- Born: Clair Ann London July 29, 1929 Seattle, Washington, U.S.
- Died: February 17, 1975 (aged 45) Baltimore, Maryland, U.S.
- Education: University of Washington
- Occupations: Academic, lobbyist
- Spouse: Thomas J. Scott
- Children: 1

= Ann London Scott =

American feminist (1929–1975)

Ann London Scott (July 29, 1929 – February 17, 1975) was an American feminist. She founded the Buffalo chapter of the National Organization for Women (NOW). As legislative vice president of the national organization in the early 1970s, she led the effort to ratify the Equal Rights Amendment. She was also a poet, translator, and English professor at the State University of New York at Buffalo (UB).

==Early life and education==

She was born in Seattle, Washington, to Daniel Edwin London and Claire Chester London. In 1935 she moved with her family to San Francisco, California, where her father managed a luxury hotel. She attended the Dominican Convent School in San Rafael, California. She studied literature at the University of Washington, receiving a B.A. in 1954 and her doctorate in 1968. She wrote her dissertation on Shakespeare's use of language.

==Academic and literary career==

She taught at the University of Washington during the early 1960s. In 1965 she moved to New York to teach at UB. During this period she published poetry in literary magazines such as Sage, Choice, and Poetry Northwest.

==Activism==

She joined NOW in 1967 and led the formation of its Buffalo, New York, chapter.

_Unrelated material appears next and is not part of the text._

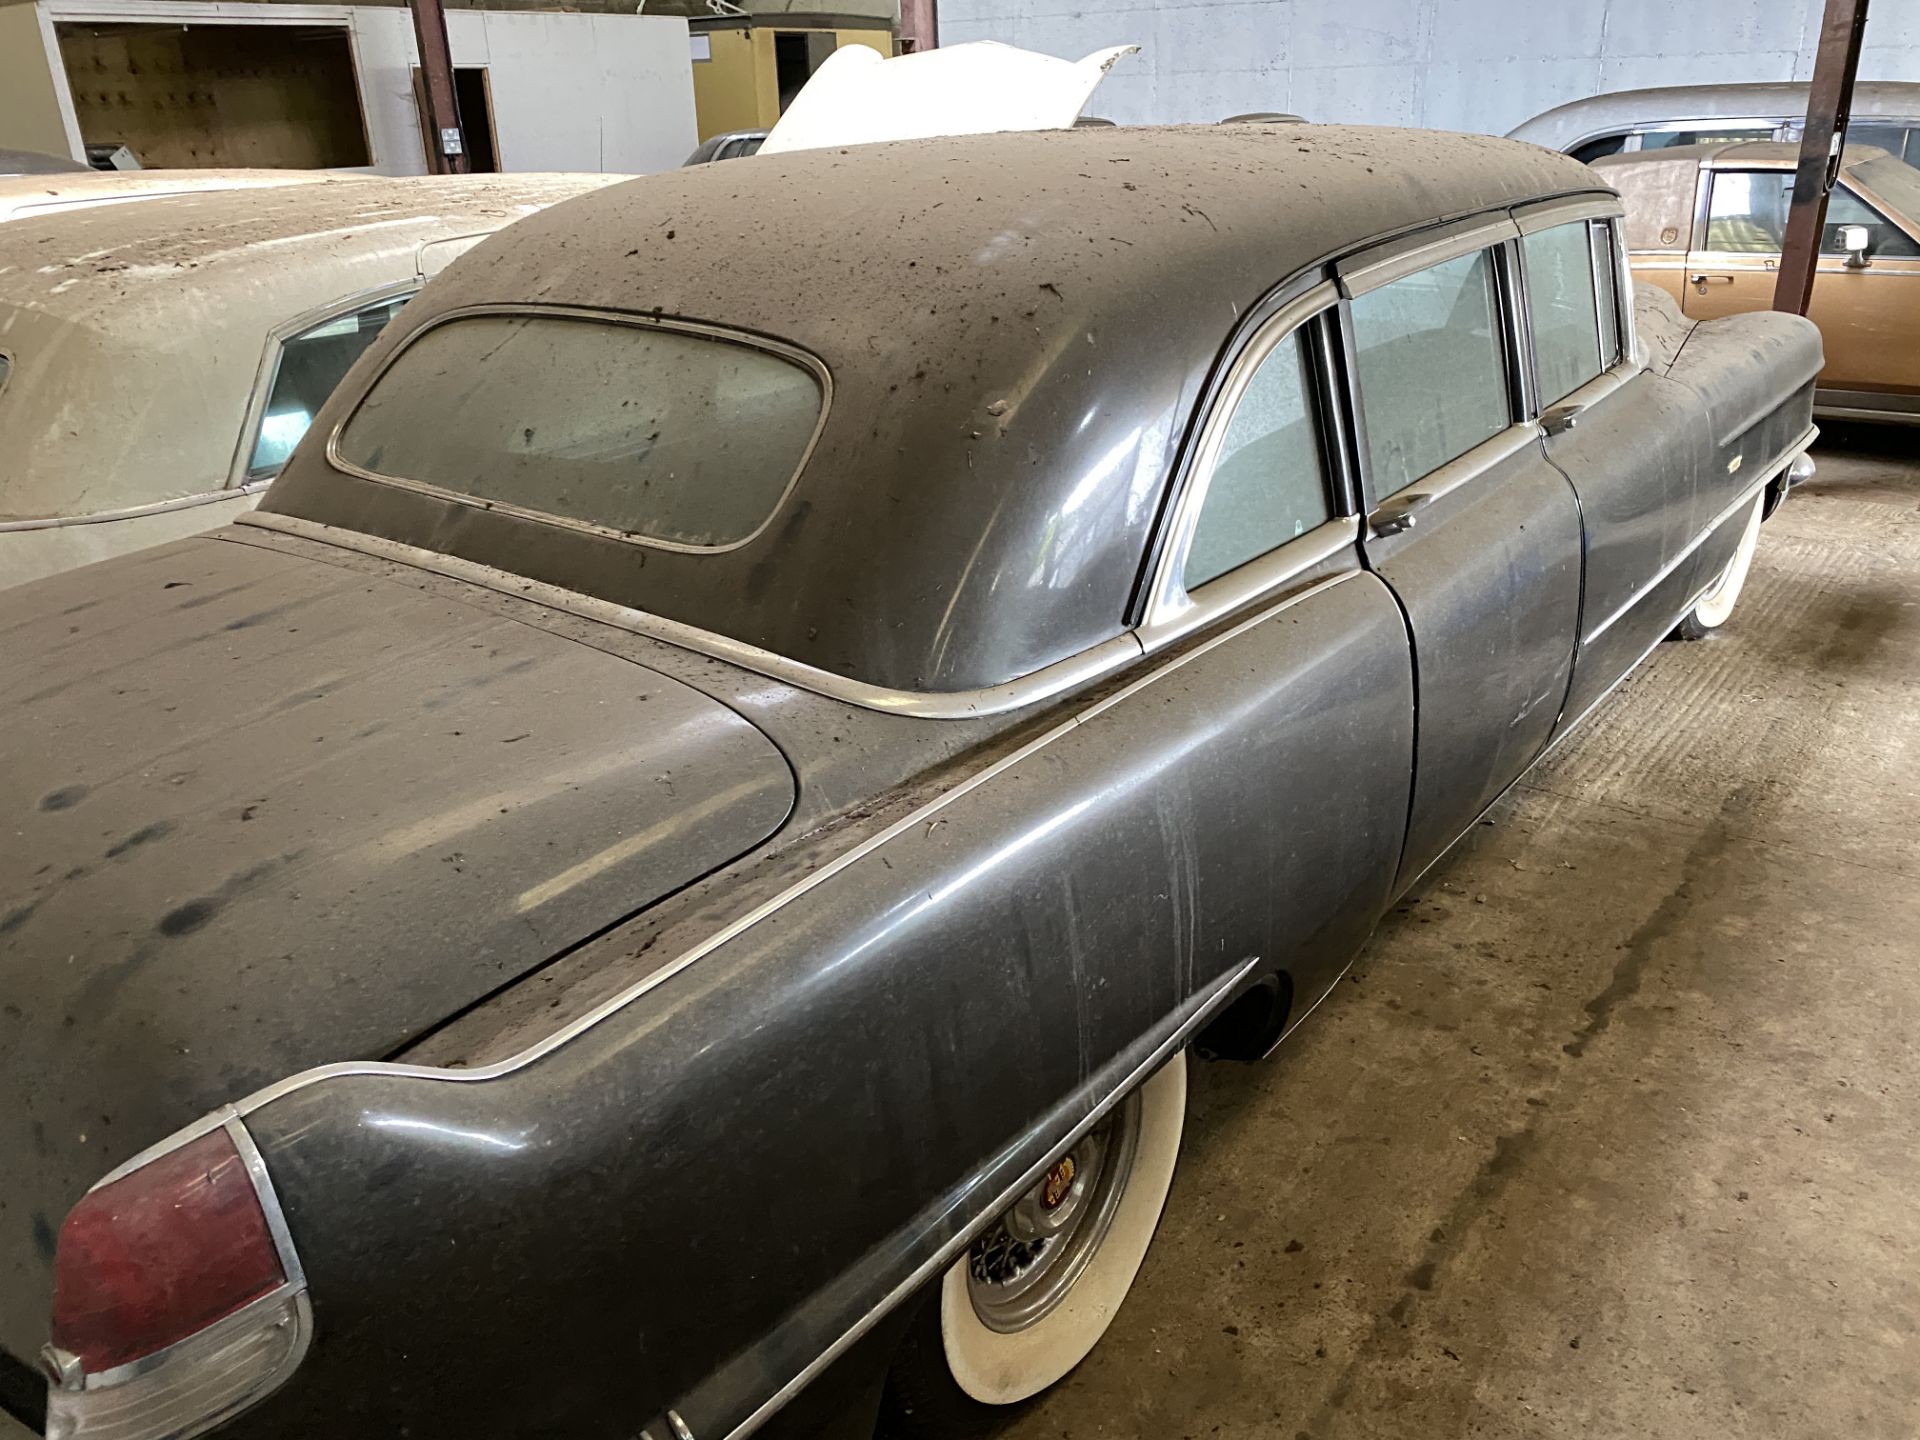 APPROX 1956 CADILLAC FLEETWOOD 75 FACTORY LIMO IN BLACK - BODY NO: 248 - WITH KEYS - Image 6 of 13

She was elected to the organization's national board in 1970. With NOW colleague Lucy Komisar, she lobbied for affirmative action guideline changes at the U.S. Department of Labor and the Federal Communications Commission.

In 1970, while teaching at UB, she published a controversial article in the university newspaper, The Reporter. Titled "The Half-Eaten Apple," the article was "one of the first attempts to examine alleged discrimination in the academic world," according to the New York Times. Scott never received tenure at UB, a fact she later attributed to the publication of the article.

In 1971 she was elected legislative vice president of NOW. That same year, she co-authored two feminist pamphlets, Business and Industry Discrimination Kit and And Justice for All, with Lucy Komisar. In 1973 she left UB to work full-time as a lobbyist for NOW and other groups. During her three terms as legislative vice president of NOW, Scott led the effort to ratify the Equal Rights Amendment and the Equal Employment Opportunity Act of 1972.

In addition to her work with NOW, she served on the national board of Common Cause, and as associate director of the American Association for Higher Education. She was also a member of the Leadership Conference on Civil and Human Rights, and worked on women's rights projects with the Modern Language Association.

==Personal life==

She married Paul de Witt Tufts, a musician, in 1951. The marriage ended in 1954. She married again in 1956, to a poet named Gerd Stern, and had a son the following year; that marriage ended in 1961. In 1965 she married Thomas J. Scott, dean of the graduate division of the Maryland Institute College of Art.

She died of breast cancer at her home in Baltimore, Maryland, on February 18, 1975. In her memory, NOW established the Ann London Scott Award for Legislative Excellence, which is conferred each year on a female legislator. Her papers are on file in the UB Archives and the Schlesinger Library at Harvard.